This paper introduces several innovative contributions. First, it integrates the AHP with ML (Hierarchical Agglomerative Clustering) for criteria reduction and streamlining tractor selection—a novel approach not widely used in previous studies. The research reduces decision criteria from nine to three, making the process more accessible for small-scale farmers. It is one of the first studies to apply this methodology to small farms in Egypt’s Delta, addressing their operational and financial constraints. Additionally, the selection framework aligns with global sustainability goals by incorporating technical, environmental, and economic factors. The findings are empirically validated through input from forty-two governmental service providers, ensuring practical relevance.

Materials and methods

Research area

Delta region is located in the north of the Egyptian Republic. It is one of the largest deltas in the world, with a total area of about 240 km². It extends from the eastern side of Port Said until it reaches the western side as far as Alexandria. It was given this name due to its triangular shape. Delta was formed due to the accumulation of silt brought by the Nile River, which ended up in the Mediterranean Sea. Over time, due to the accumulation of silt and Nile riverbanks’ physical weathering and flood sedimentation for thousands of years, the Delta was formed when the Nile River was bifurcated into two branches. One of them is the eastern Damietta Branch and the western Rosetta Branch. The length of the Delta is about 160 km, and it begins on the southern side at Al-Qanater Al-Khayriyah, near the city of Cairo. The Egyptian Delta is famous for the fertility of its soil, which is always suitable for agriculture. The Egyptian Delta includes eight governorates, as shown in Fig. 1.

Fig. 1.

Study area (ArcGIS^®, Version 10.3.1.4959, License type: Advanced, Esri Inc.).

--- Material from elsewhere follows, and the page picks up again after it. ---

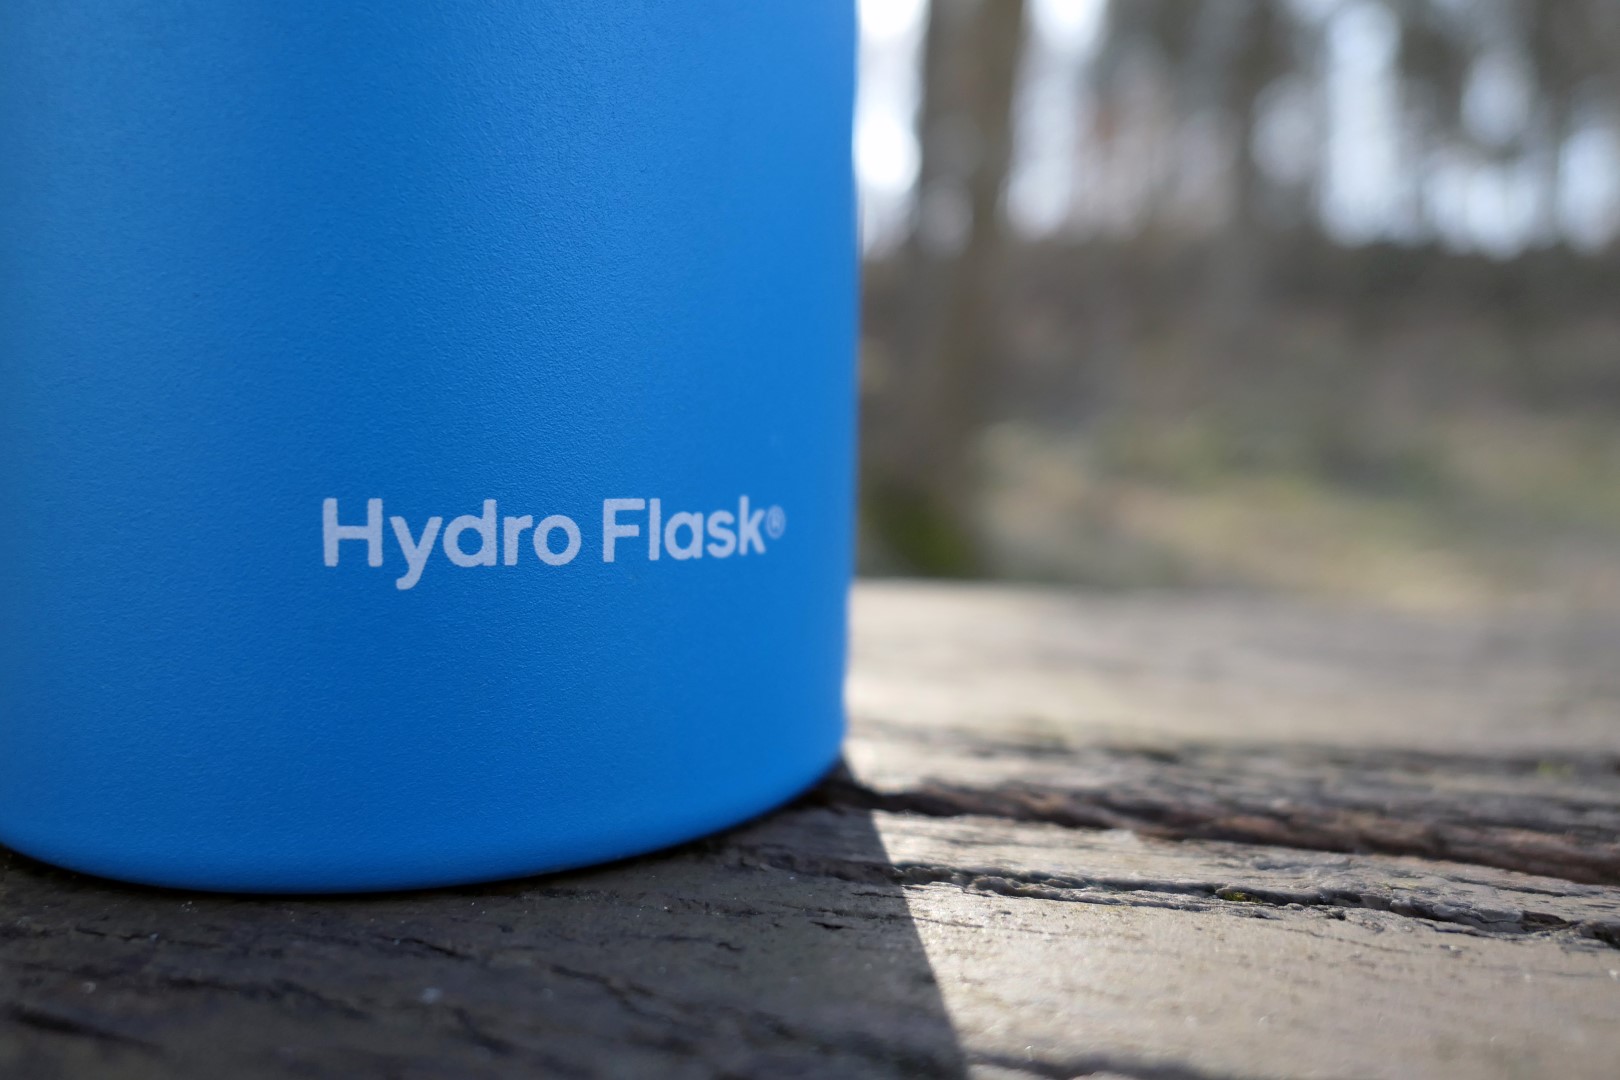 Hydro Flask –  Bunte Thermoflaschen mit hervorragender Isolierung

The Delta of Egypt is considered one of Egypt’s most important agricultural regions and a major source of agricultural production in Egypt. It is characterized by its fertile soil, which is suitable for cultivation at any time, and the availability of fresh water from the Nile River, which contributes to the cultivation of a wide range of crops such as rice, wheat, vegetables, fruits, etc. The area of agricultural land in the Delta exceeds 55% of the total agricultural area in Egypt. Small areas for agriculture prevail in the Delta.

Research methodology

In general, hybrid techniques were used to select the appropriate tractor between the available tractors in the study area using more than one method. In this study, nine criteria were identified for tractor selection. Weight calculation methods were used to determine the importance of each criterion identified in the work. The AHP method for weight calculation was used, which uses assumptions from experts’ decisions, with ML techniques to reduce the criteria numbers and rank the alternatives according to the weight of selected criteria. The study focused on tractors category B (from 55 to 95 hp), which is common in farms less than two hectares and achieves most of the farm operations as results from farms survey. The category of tractors was selected according to the American Society of Agricultural Engineers (ASAE), depending on 3-point hitch specifications and power. The principles mentioned can be expanded and organized into a more detailed step-by-step process, illustrated in Fig. 2.

Fig. 2.

The AHP Flowchart with ML method.

Essentials of AHP

AHP is a valuable decision-support tool decision-makers (DMs) use to select or rank the most appropriate alternative or set of alternatives. It is widely recognized as a user-friendly tool for Multiple Criteria Analysis (MCA) and typically involves several stages⁵⁴. These stages include selecting decision options and evaluation criteria, collecting performance measures for the evaluation matrix, standardizing the measures to a common scale, assigning weights to the criteria, ranking or scoring the options, conducting sensitivity analysis, and ultimately making a decision. The DM defines the desired outcome as a goal, which serves as the target, indicating the preferred direction.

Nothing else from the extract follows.